Hi Nilesh,
Hi,
I am a 3rd year
undergraduate student of computer science, pursuing my B.Tech
degree at RCC Institute of Information Technology. I am
proficient in Java, PHP and C#.
Among the project
ideas on the GSoC 2013 ideas page, the one particular idea that
seemed really interesting to me is the one titled "Reactome
Search". I want to work on it. I think my experience will come
of good use in this project.
Thanks for your interest in the Reactome search project!
We would like to use a Lucene-based search platform called EBeye to
search our database. It is currently being used for the databases
at the European Bioinformatics Institute (EBI), but it does a very
bad job with Reactome data, because it is not using any
domain-specific heuristics for sorting results.
You can try EBeye on this page:
http://www.ebi.ac.uk/s4/
There is more detail about EBeye here:
http://www.ebi.ac.uk/ebisearch/documentation.ebi
A full research paper can be found here:
http://bib.oxfordjournals.org/content/early/2010/02/11/bib.bbp065.full
I am passionate about
data mining, big data, search and recommendation engines,
therefore this idea naturally appeals to me a lot. I have
experience with building search functionality into a live
production site, where I'm interning at. I used Sphinx with
MySQL and was responsible for all the database configuration,
trigger and index creation, and full-text search configuration.

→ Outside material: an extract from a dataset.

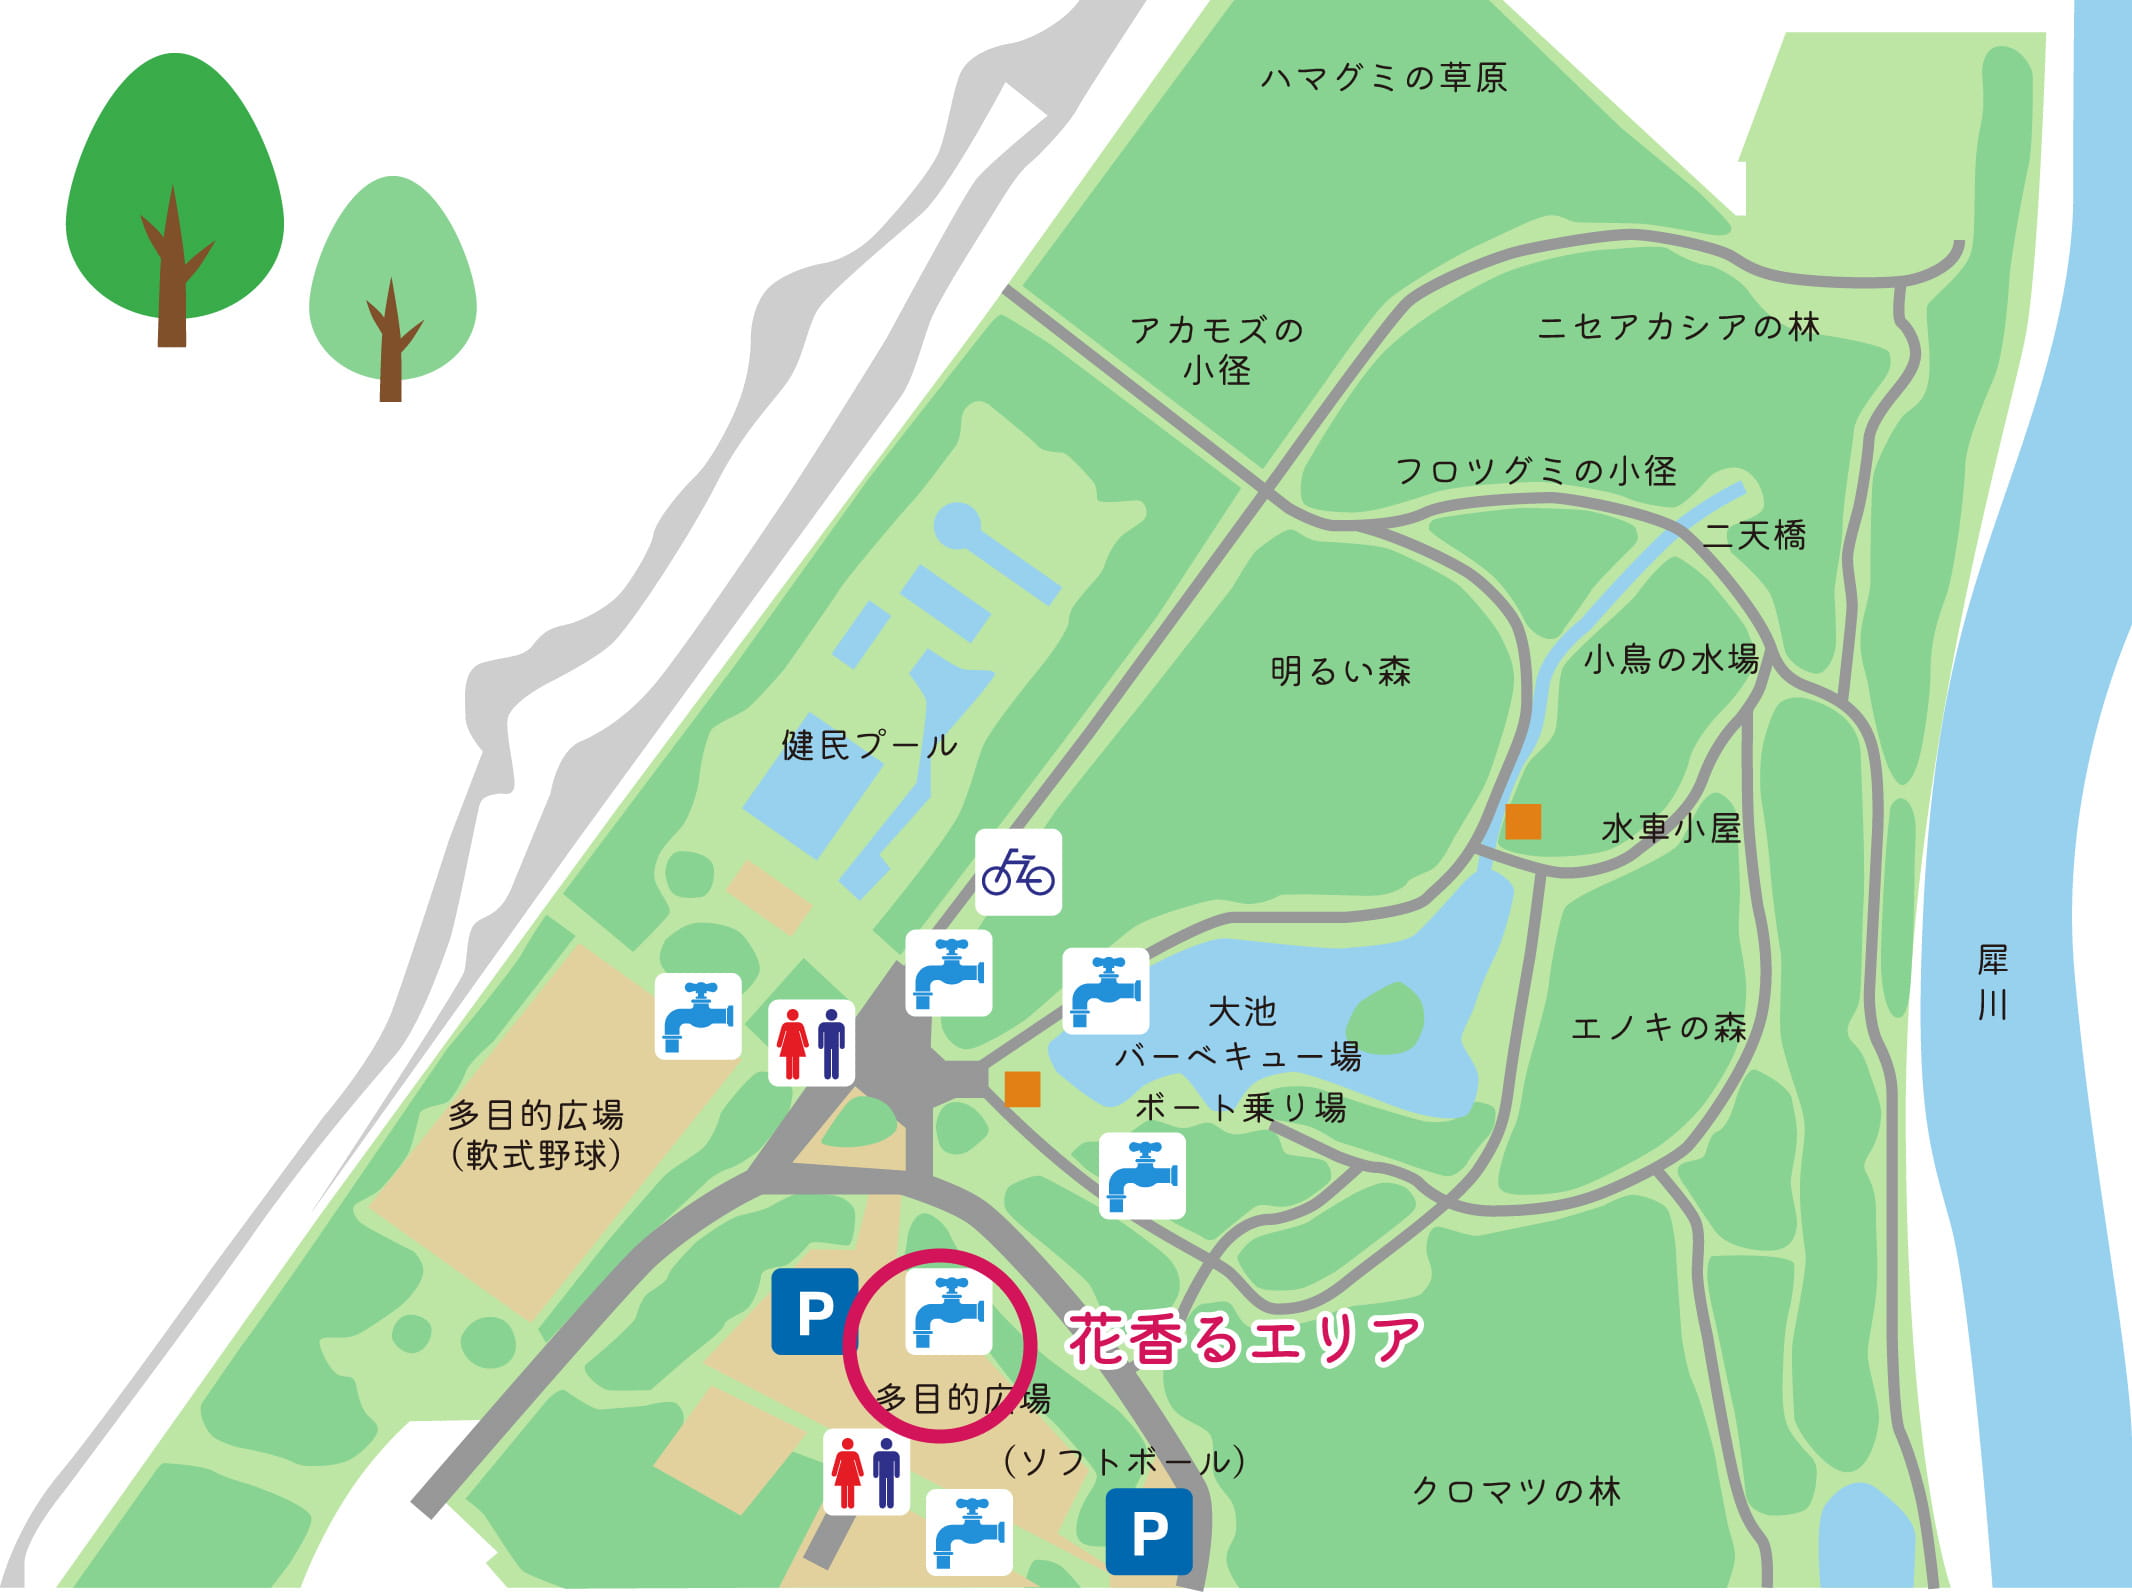 花香るエリアの場所を記した公園の地図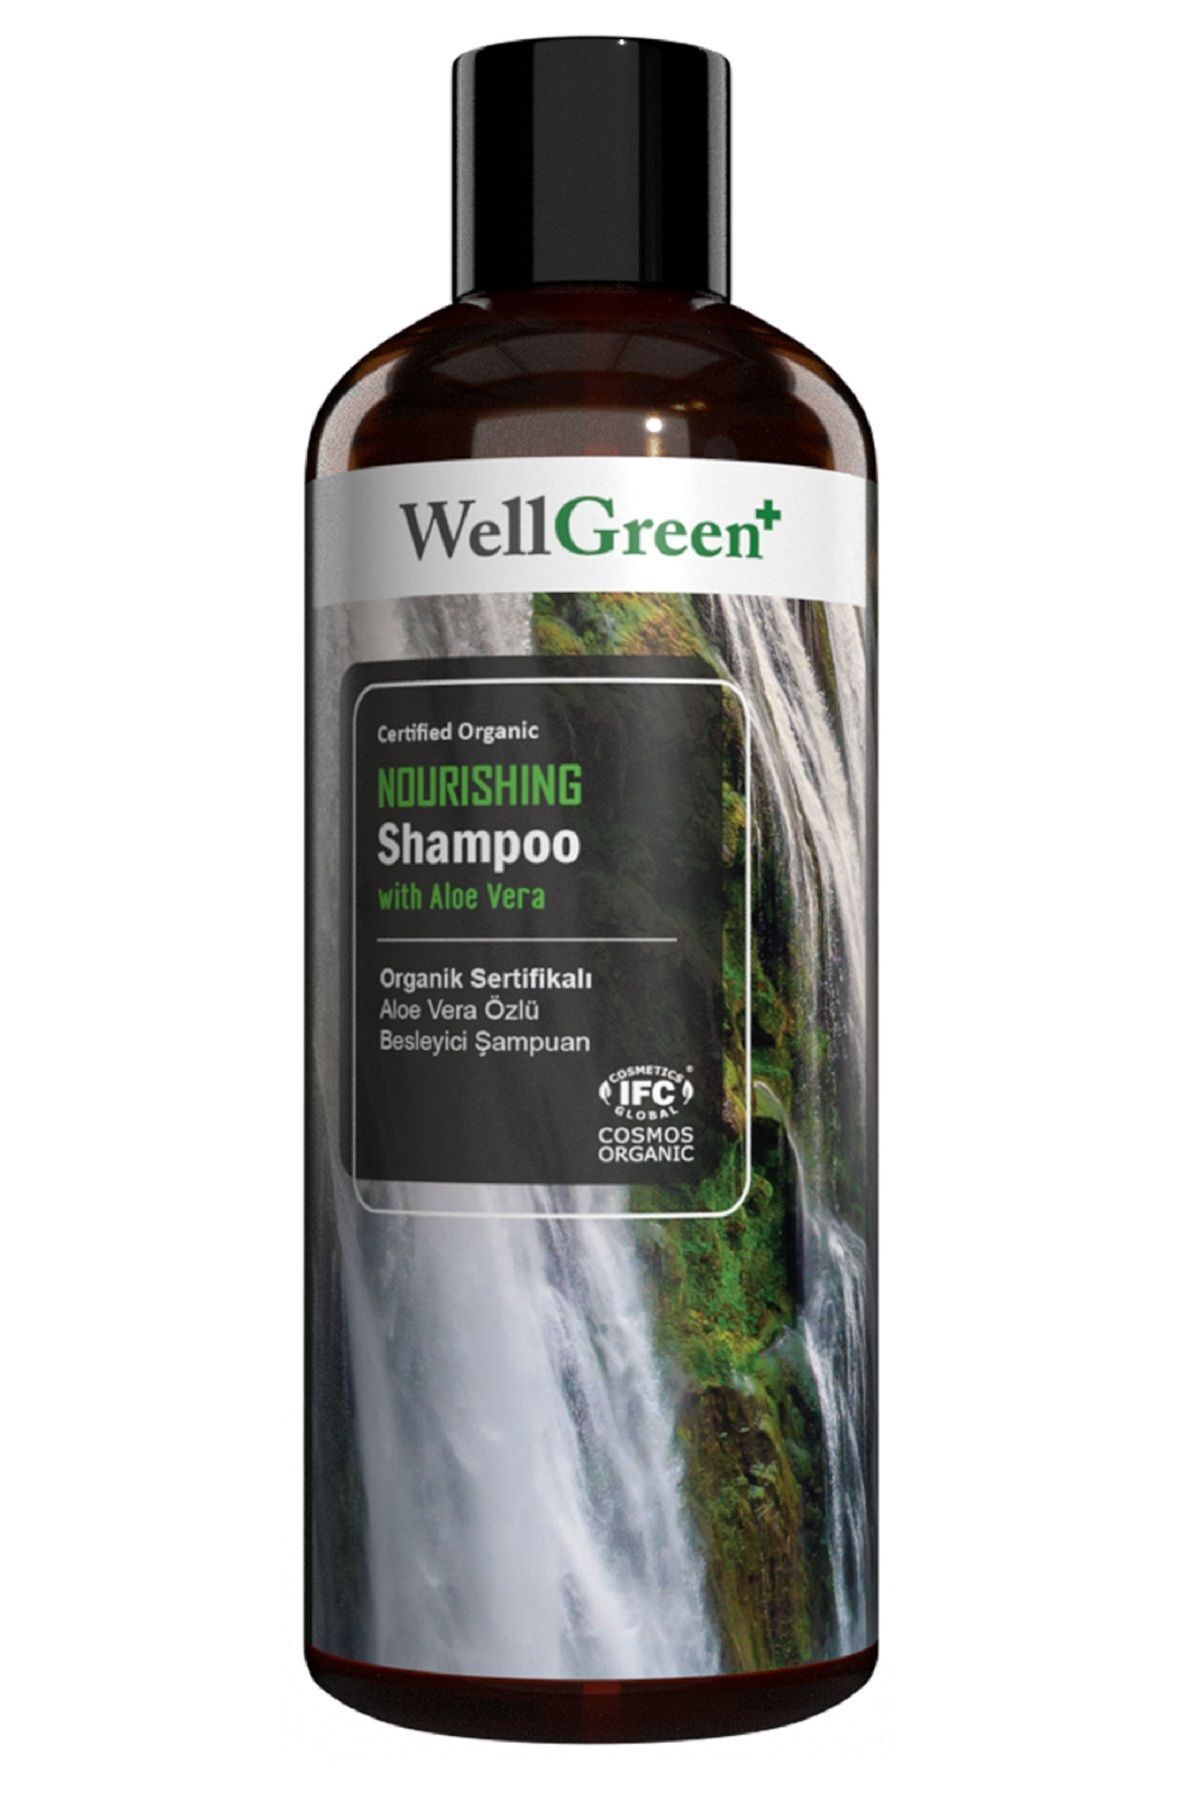 WellGreen Organik Sertifikalı Aloe Vera Özlü Besleyici Şampuan - 400ml

I have thorough experience with Sphinx (a very capable full-text
search engine with many matching and ranking algorithms and
different fuzzy matching options) and am willing to dig deeper
into Lucene or learn SOLR if the need arises. I have a little
experience with Lucene and using DefaultSimilarity (uses Cosine
Similarity).
I would like to
download the Reactome source code and set it up on my local
machine. But I couldn't find any reference to a source code repo
anywhere other than that it uses CVS. As suggested in
http://wiki.reactome.org/index.php/Reactomes,
I'm CC'ing David to help me out. It'd be great if I could
examine the code in the perl CGI script (search2) and the code
in
GKB/modules/GKB/SearchUtils/ResultsRanker.pm
to see how I can integrate it with a search platform like
Lucene.
You can download the Reactome source code bundle from:
http://www.reactome.org/download/current/GKB.tar.gz
You will find our current sorting heuristics under:
GKB/modules/GKB/SearchUtils/ResultsRanker.pm
I hope this gives you something to get started on, please let me
know if you have any questions.
Cheers,
David Croft.